After three unprofitable years, still waiting for the muni bond apocalypse.
Meredith Whitney, who built her own Wall Street advisory firm after winning renown for a 2007 call on Citigroup Inc., deregistered her brokerage unit after three unprofitable years and is setting up an investment fund, according to industry records.
Meredith Whitney Securities LLC ended its registration with the Financial Industry Regulatory Authority Inc. on Aug. 28, Finra's website shows. In addition to her advisory firm, she's now chief investment officer and managing principal of a long/short fund, according to regulatory records that list Kenbelle Capital LP among her ventures.
Ms. Whitney, 43, registered Kenbelle with New York state's corporations division in April. It's an investment manager to a partnership based in Bermuda, according to a legal notice in a newspaper there.
A push into funds would add another twist to her career. She left Oppenheimer & Co. Inc. to start Meredith Whitney Advisory Group LLC in 2009, buying the brokerage that year with plans to expand into trading. She predicted a U.S. municipal bond apocalypse in 2010 that hasn't materialized, also saying she would hire hundreds for a bond ratings service.
Ms. Whitney didn't return calls for comment.
Her advisory firm hasn't posted research for clients on its website since Sept. 19, according to a page showing several posts per week before then. The Wall Street Journal reported that the company had only one full-time investment professional, Angela Cantu, as of June. She has since left for Blackstone Group LP, according to her LinkedIn profile. She didn't respond to messages seeking comment.
Muni 'guesstimate'
Ms. Whitney started the advisory business amid media coverage including a Fortune cover story crowning her “the woman who called Wall Street's meltdown.” Her brokerage's Securities and Exchange Commission filings list no revenue in the past three years and about $96,000 in expenses. The unit was inactive last year outside of maintaining compliance and “introducing its services to the market,” according to the most recent report.
After predicting muni defaults totaling hundreds of billions of dollars in a December 2010 segment of “60 Minutes,” she told Bloomberg News that it had been “a guesstimate” involving “fifth-derivative dimensions.” Instead of collapsing, munis became a star performer of 2011.
Long/short funds make bets that some prices will fall and that others will rise, sometimes using leverage and derivatives, to profit in a variety of conditions.

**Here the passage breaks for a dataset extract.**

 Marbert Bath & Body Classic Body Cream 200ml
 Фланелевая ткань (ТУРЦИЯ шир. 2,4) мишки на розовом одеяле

Ms. Whitney's personal wealth took a hit during the financial crisis despite her forewarnings about New York-based Citigroup, according to an interview she gave Bloomberg Businessweek this year.
“I think I lost between a quarter and a half a million dollars on financial positions,” she said. “I rode Lehman [Brothers Holdings Inc.] all the way down to zero. It's pretty ironic, right?”